Circumstance confirms Coral's worst suspicions, but when Rafe's life is in danger she is driven to make peace. A tentative romance blossoms amidst a meddling ex-fiancé, a jealous stepmother, a car accident, and the dangerous wilderness of Africa. Is Rafe just toying with a young woman's affections? Is the notorious womanizer only after Coral's inheritance? Or does Rafe's troubled past color his every move, making him more vulnerable than Coral could ever imagine?

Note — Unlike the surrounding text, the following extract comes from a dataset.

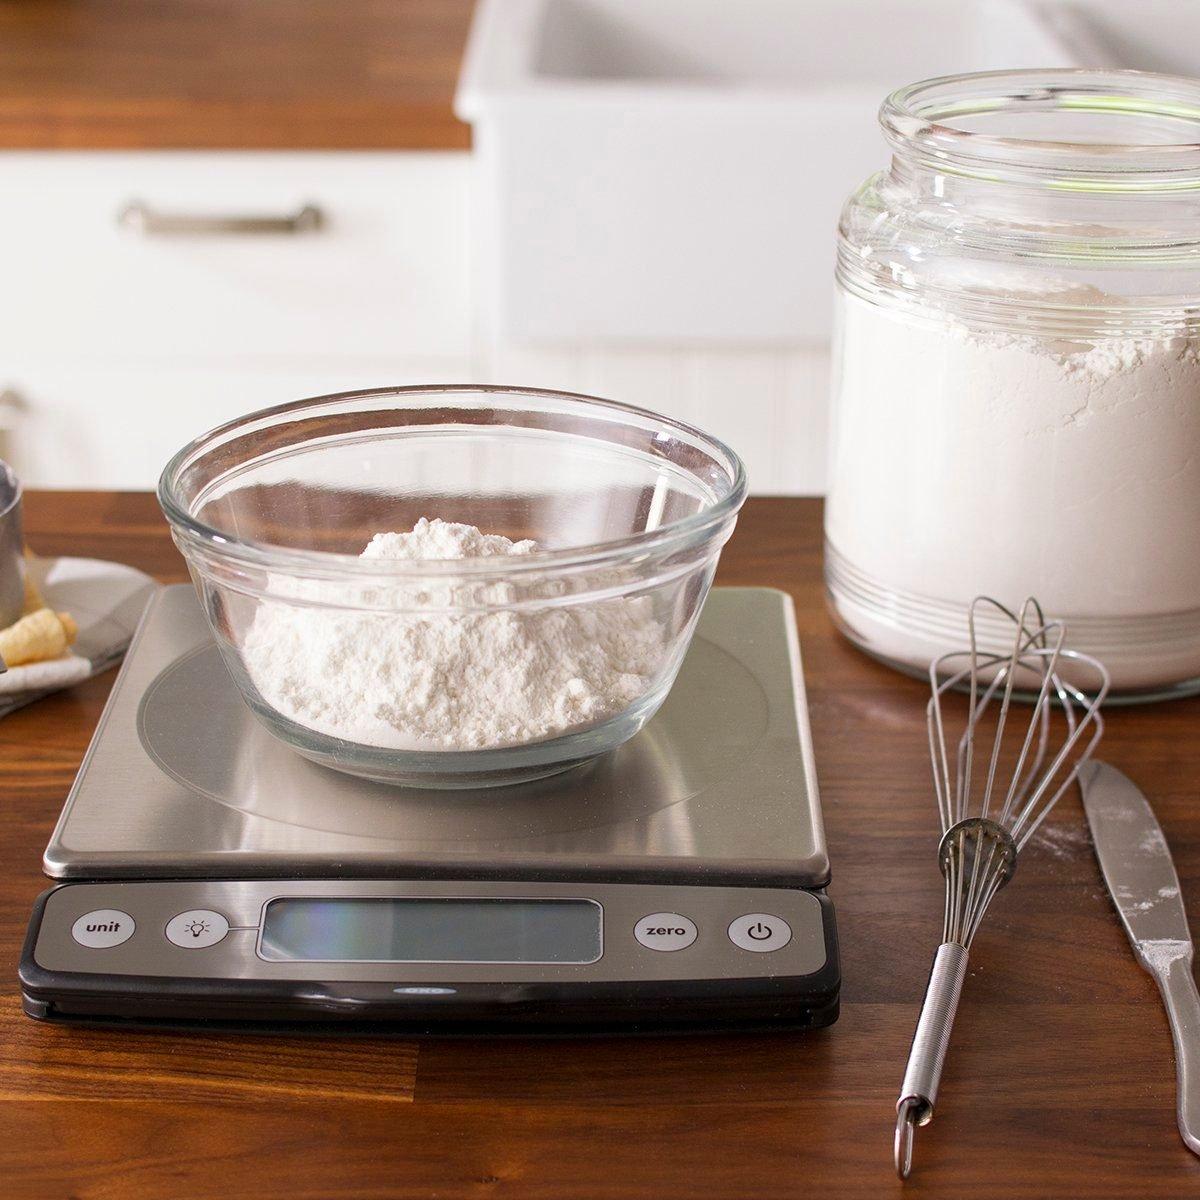 flour on a kitchen scale
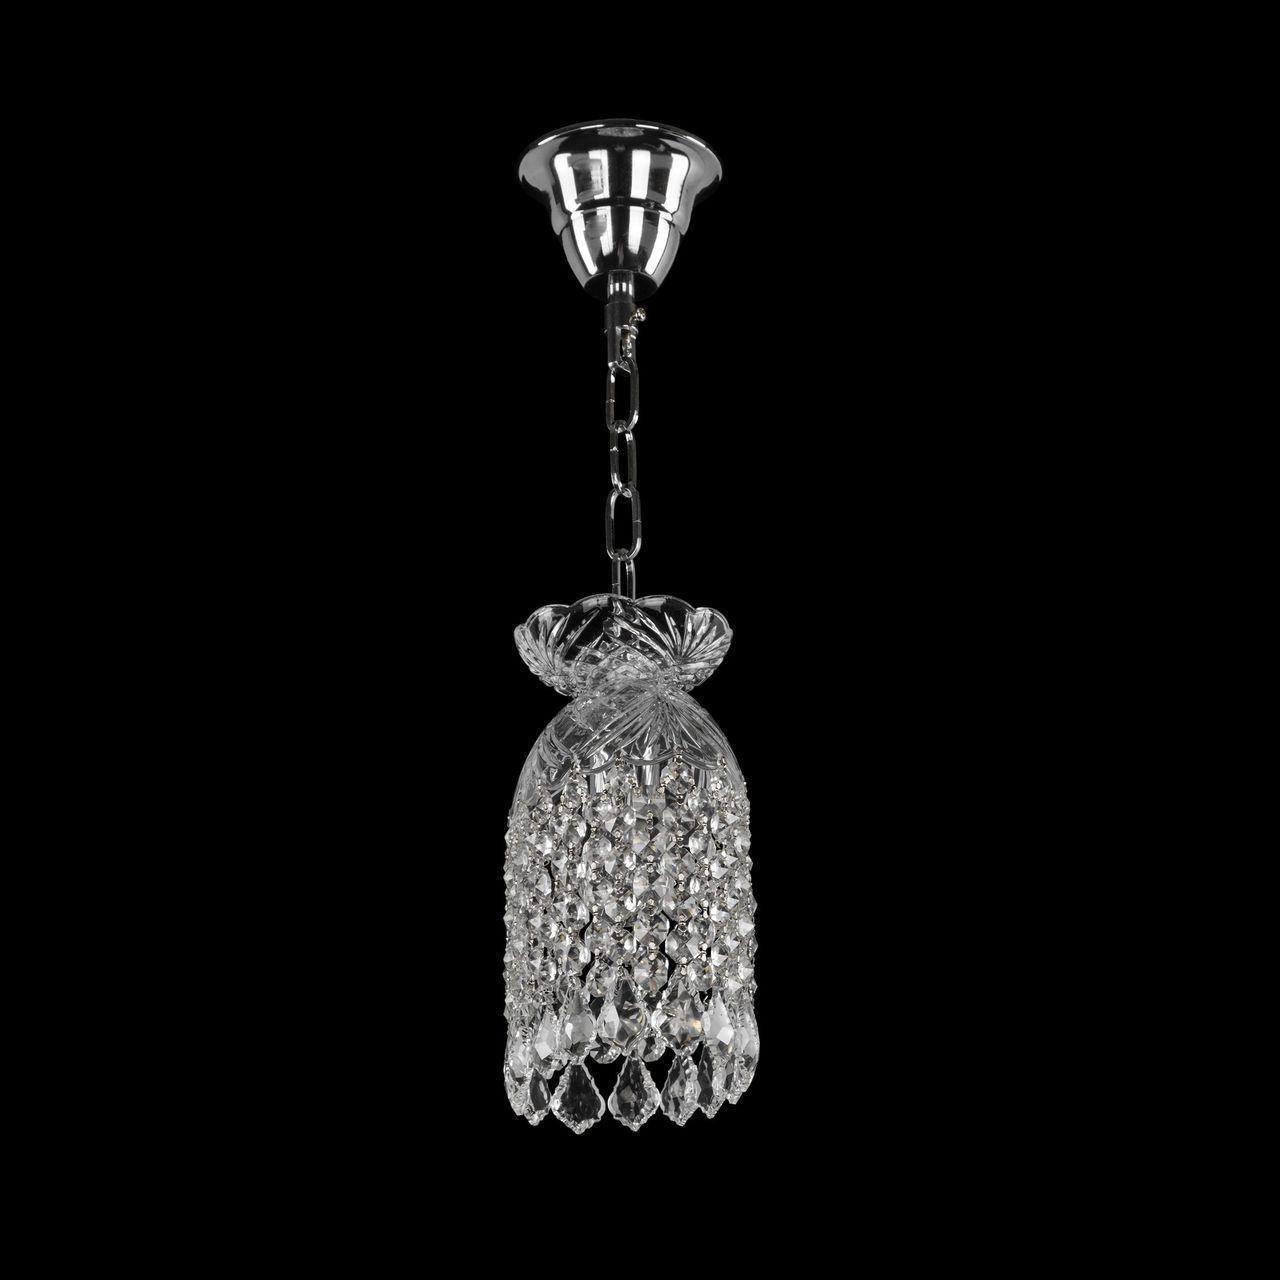 Подвесной светильник Bohemia Ivele 14783/16 Ni Leafs

Set in 1970, this contemporary historical romance sends the seemingly doomed lovers down a destructive path wrought with greed, betrayal, revenge, passion, and love.

Hannah Fielding

Hannah Fielding:  I grew up in a rambling house overlooking the Mediterranean. My earliest memories are of listening, enchanted, to fairy stories at the knee of my half-French half-Italian governess Zula. When I was seven we came to an agreement: for each story she told me, I would invent and relate one of my own. That is how my love for story-telling began.

Later, at a convent school, while French nuns endeavoured to teach me grammar, literature and maths, I took to day-dreaming and wrote short romantic stories to satisfy the needs of a fertile imagination. Having no inhibitions, I circulated them around the class, which made me very popular among my peers and less so with the nuns.

After I graduated with a BA in French literature, my international nomadic years commenced. I lived mainly in Switzerland, France and England, where I had friends and family, and during holidays I travelled to Mediterranean countries like Italy, Greece and Spain.

I met my husband in London at a drinks party: it was love at first sight, just like in the romance books that were my constant companions. He brought me to his large Georgian rectory in Kent, surrounded by grounds and forests. After my children were born, between being a mother and running a property business, there was little time for day dreaming, let alone writing. 

Then, once my children had flown the nest, I decided after so many years of yearning to write, write, write it was time to dust off the old manuscripts I’d been tinkering with for a lifetime. 

Today, I am living the dream: I write full time, splitting my time between my homes in Kent and in the South of France, where I dream up romances overlooking breathtaking views of the Mediterranean.

My first novel, Burning Embers, is a vivid, evocative love story set against the backdrop of tempestuous and wild Kenya of the 1970s, reviewed by one newspaper as ‘romance like Hollywood used to make’. My new novel, The Echoes of Love, is a story of passion, betrayal and intrigue set in the romantic and mysterious city of Venice and the beautiful landscape of Tuscany.